The second part covers more technical matters, namely that of signal processing. The mathematical background assumed of the reader increases dramatically in this part; some exposure to elementary calculus and differential equations would suffice. The author does a good job of explaining such concepts as linear operators and the Dirac bracket notation. The pictorial representation he gives of the convolution operation is very helpful. In addition, Fourier analysis is presented at a level that makes it very clear exactly what is happening to signals, both discrete and continuous, when taking the Fourier transform. The Fast Fourier transform is not discussed however, dissapointingly. Suprisingly, a whole chapter is devoted to wavelet transforms, a topic usually not included at this level. Wavelets are used as a tool to deal with nonstationary signals. Usually discussed at a very abstract level, the presentation here is crystal clear and vey intutive, and the reader will take away a deeper appreciation of these objects than what could have been obtained from the usual presentations.
Chapter 7 is one of the most important in the book for it covers Monte Carlo techniques for evaluating the integrals that arise in image processing. The speed of convergance of Monte Carlo is addressed, along with how to estimate confidence levels when the parent distribution is normal. The author presents five different ways of doing 'blind' Monte Carlo, including rejection, blind stratified, weighted, and quasi Monte Carlo. Quasi Monte Carlo has taken on particular importance in recent years wherever Monte Carlo techniques are used. The author also presents four different ways of doing 'informed' Monte Carlo, i.e. when some information about the signal is known.

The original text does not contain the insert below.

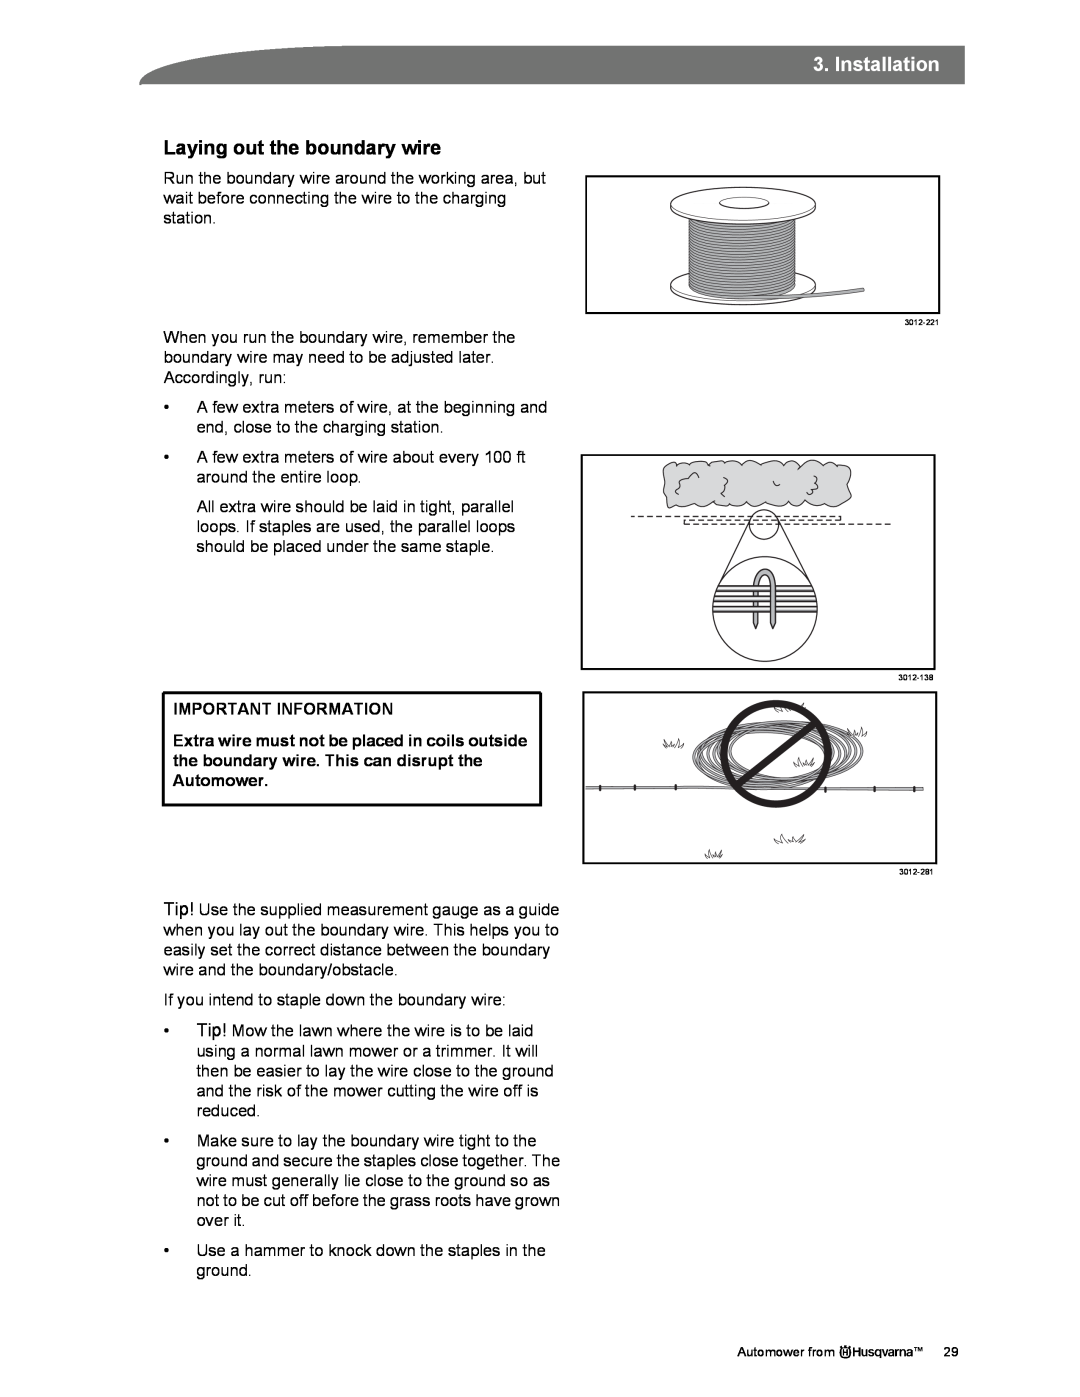 Husqvarna Automower manual Laying out the boundary wire, Installation, Important Information

Uniform sampling of continuous signals is done in the next chapter. After discussing an example of sampling and reconstruction, the author outlines in detail the mathematical theory behind the uniform sampling and reconstruction of one-and two-dimensional signals. The chapter ends with a discussion of a technique to reduce aliasing artifacts called supersampling.
The next chapter covers nonuniform sampling and reconstruction. Naturally this is more complicated from a mathematical standpoint, due to the role of stochastic processes, but the author does a good job of discussing the relevant concepts. Most interesting is his treatment of the duality between aliasing and noise.

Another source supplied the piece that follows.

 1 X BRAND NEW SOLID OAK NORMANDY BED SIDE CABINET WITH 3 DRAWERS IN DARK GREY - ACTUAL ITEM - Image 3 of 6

Chapter 10 surveys some of the more modern and practical techniques used for sampling and reconstruction of two-dimensional signals. Uniform sampling is discussed in terms of rectangular and hexagonal lattices; nonuniform sampling in terms of Poisson sampling and N-books sampling. Pseudocode is given for the decreasing radius algorithm. The concept of a refinement test is introduced and broken down into five categories, each of which is discussed in detail. The refinement test allows one to decide when more samples are needed in a neighborhood, and refinement geometry indicates where the samples are to be placed. Refinement geometry is discussed in this chapter also, with linear and area bisection techniques outlined, along with multiple-level and tree-based sampling. Techniques for interpolation and reconstruction, such as warping are also treated, and the author gives brief overviews of one-dimensional and two-dimensional sampling theorems. Numerous other methods, going by several different names are also discussed.
A very large set of references is given at the end of the book, covering a wide variety of topics in computer graphics and mathematical formalism. I have not read the second volume, but I am sure it respects the high quality of the first.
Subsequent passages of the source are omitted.